Plan B Magazine have charged me with reviewing the excellent new Dresden Dolls compilation, ‘No, Virginia.’ It’s made me muse on singer Amanda Palmer’s vocal style: a kind of mannered, surly growl. More European – after Marlene Dietrich – than American. She doesn’t always use it, sometimes slipping into her Bostonian burr for her ‘uh-oh-oh’ refrains. As Kim Deal (of the Pixies and Breeders) proved, you really have to use a Boston accent to properly sing ‘uh-oh-oh’.

But thoughts of the ‘Dietrichian bitterness’ style made me revisit some 80s pop hits of a similar vocal hue. Not least Hazel O’Connor and Toyah Willcox. Lene Lovich too, who was more eccentric than grumpy, but I’d argue her tonsils were cut from the same dark cloth. I saw Ms Lovich onstage with the Dresden Dolls at their Roundhouse gig in 2006, and wondered how many younger Dolls fans were familiar with the hits of such sulky sirens from a time outworn.

So behold! Hazel O’Connor singing ‘Will You’. Excellent hair plus a very 80s white tunic thingmy:

http://youtube.com/watch?v=3UbHXSsiUnE

Here’s Ms O’Connor again, with ‘Eighth Day’, the other big hit from ‘Breaking Glass’. It’s the kind of ‘Crazy Robot Woman From The Future’ style ripe for pastiche (Pamela Stephenson MUST have had a go on ‘Not The Nine O’Clock News’). But how else can it be sung? Regardless, it’s still a fabulous song:

http://youtube.com/watch?v=4gJKgXq4u78

Here’s Toyah doing ‘I Want To Be Free’. An instant anthem for every sulky schoolgirl at the time. Take that, baffling piles of plastic cutlery! Favourite lyric: ‘So what if I dye my hair? / I’ve still got a brain up there.’ I say those words to myself daily. Again, it all helped to make the Top 40 a rather fun world:

http://youtube.com/watch?v=bCHEO477u44

All of which seems positively shy and retiring next to Lene Lovich and her goggle-eyed yet groovy ‘Lucky Number’:

http://youtube.com/watch?v=1nu2QX3GU-U

Back to 2008, and here’s one of my favourite songs on the new Dresden Dolls release, as played in concert.

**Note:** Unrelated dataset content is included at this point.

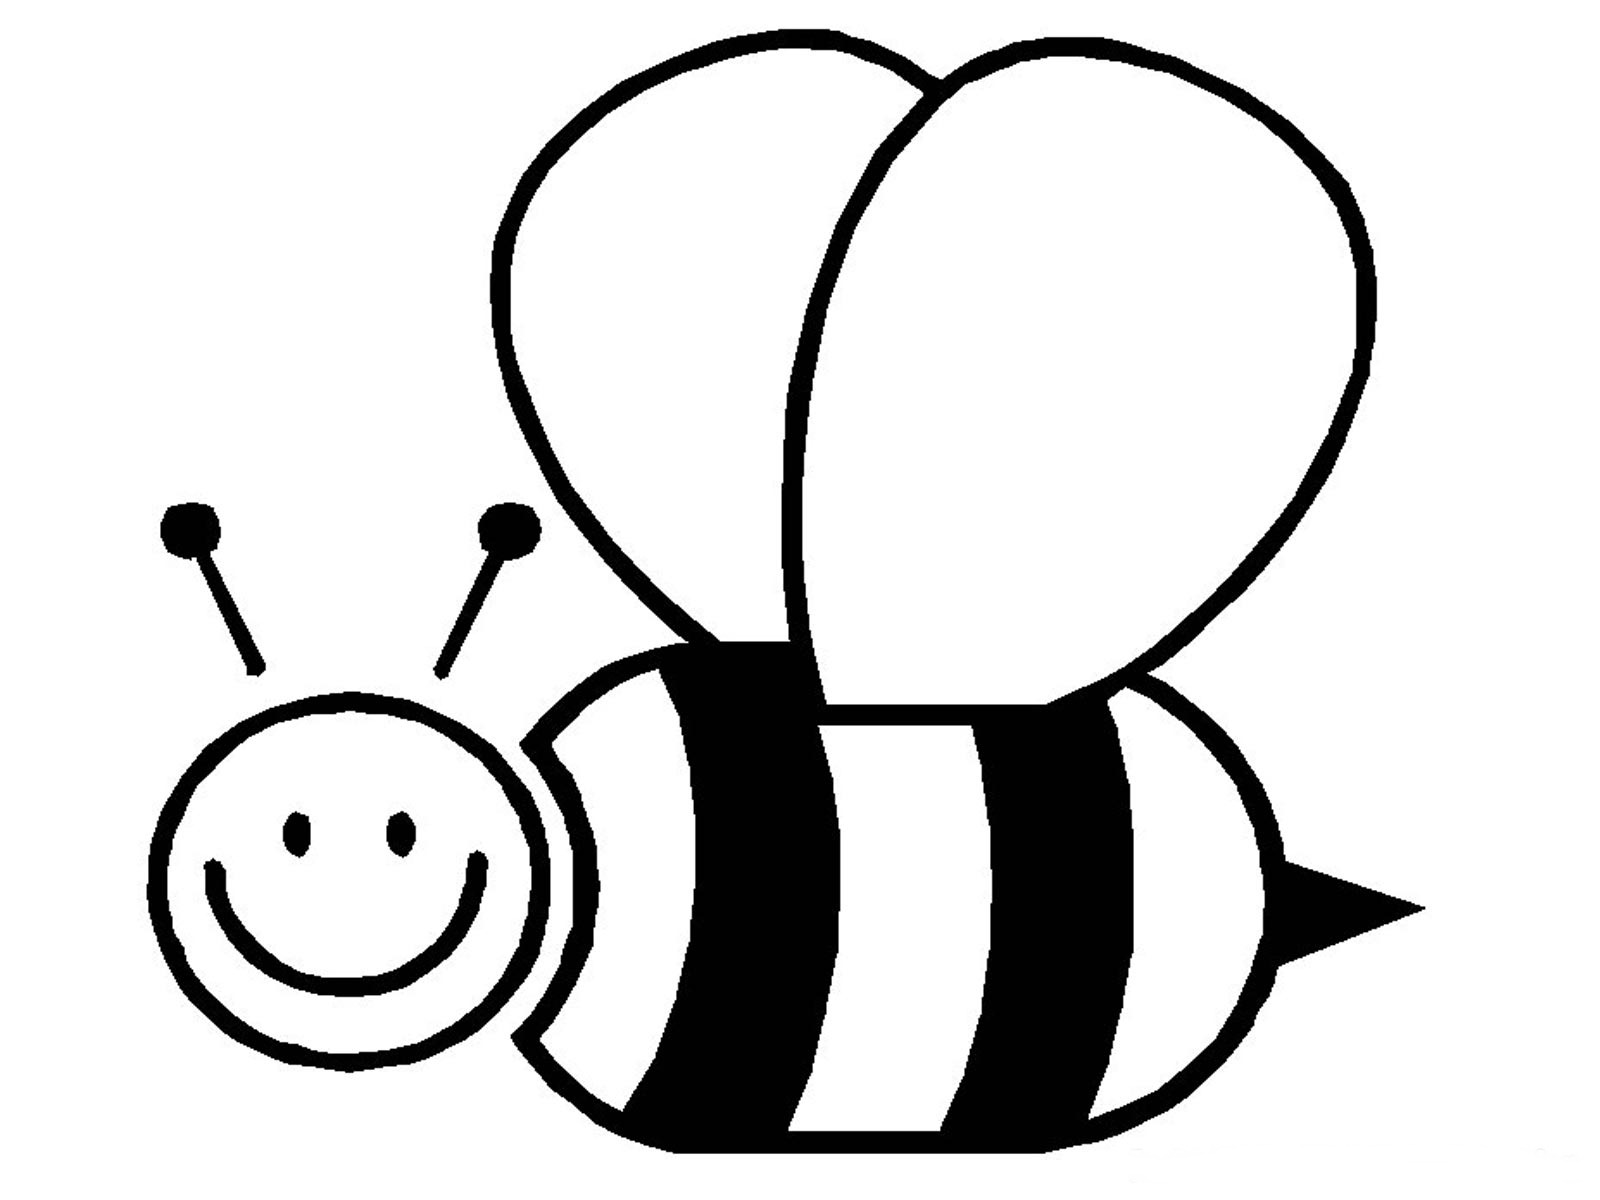 bumble bee clipart black and white - all the Gallery you need!

It’s ‘Night Reconnaissance’, about unconventional children – the ones who at school are labelled everything from thieves to deviants – taking revenge at the homes of bullying rich kids. Rather recalls the film ‘Heathers’. The melody manages to hint at Madness’ ‘It Must Be Love’ AND Roxy Music’s ‘More Than This’ (in the chorus section). Brilliant chorus lyrics, too:

‘And we hide from the c****s / On a night reconnaissance / Steal flamingos and gnomes / From the dark side of the lawn’

http://youtube.com/watch?v=CjefxkO7eg4

In this case, it’s the USA usage of the C-word, of course. As used against ultra-bitchy girls, rather than ultra-unpleasant boys. Funny how some elements of American slang find their way over to the UK easily (like, yeah?), while others never quite make it past Slang Customs. Maybe we just like our Derek and Clive albums too much.

There’s an underrated TV drama from a few years ago, ‘The Book Group’, set in Edinburgh (EDIT – It was in the West End of Glasgow, not Edinburgh. Though writer Annie Griffin did go on to set her similarly-toned film ‘Festival’ in Edinburgh. Because it’s about the Edinburgh Festival. Hence the name). A globe-trotting young Englishman (played by James Lance) uses the C-word in the American sense – against women, unkindly – and it’s clearly meant to indicate his pretentiousness. He desires to be ahead of the game, the first on his trendy block, even when it comes to swear words. To which one can only say… go figure. Dude. Whatever. Meh.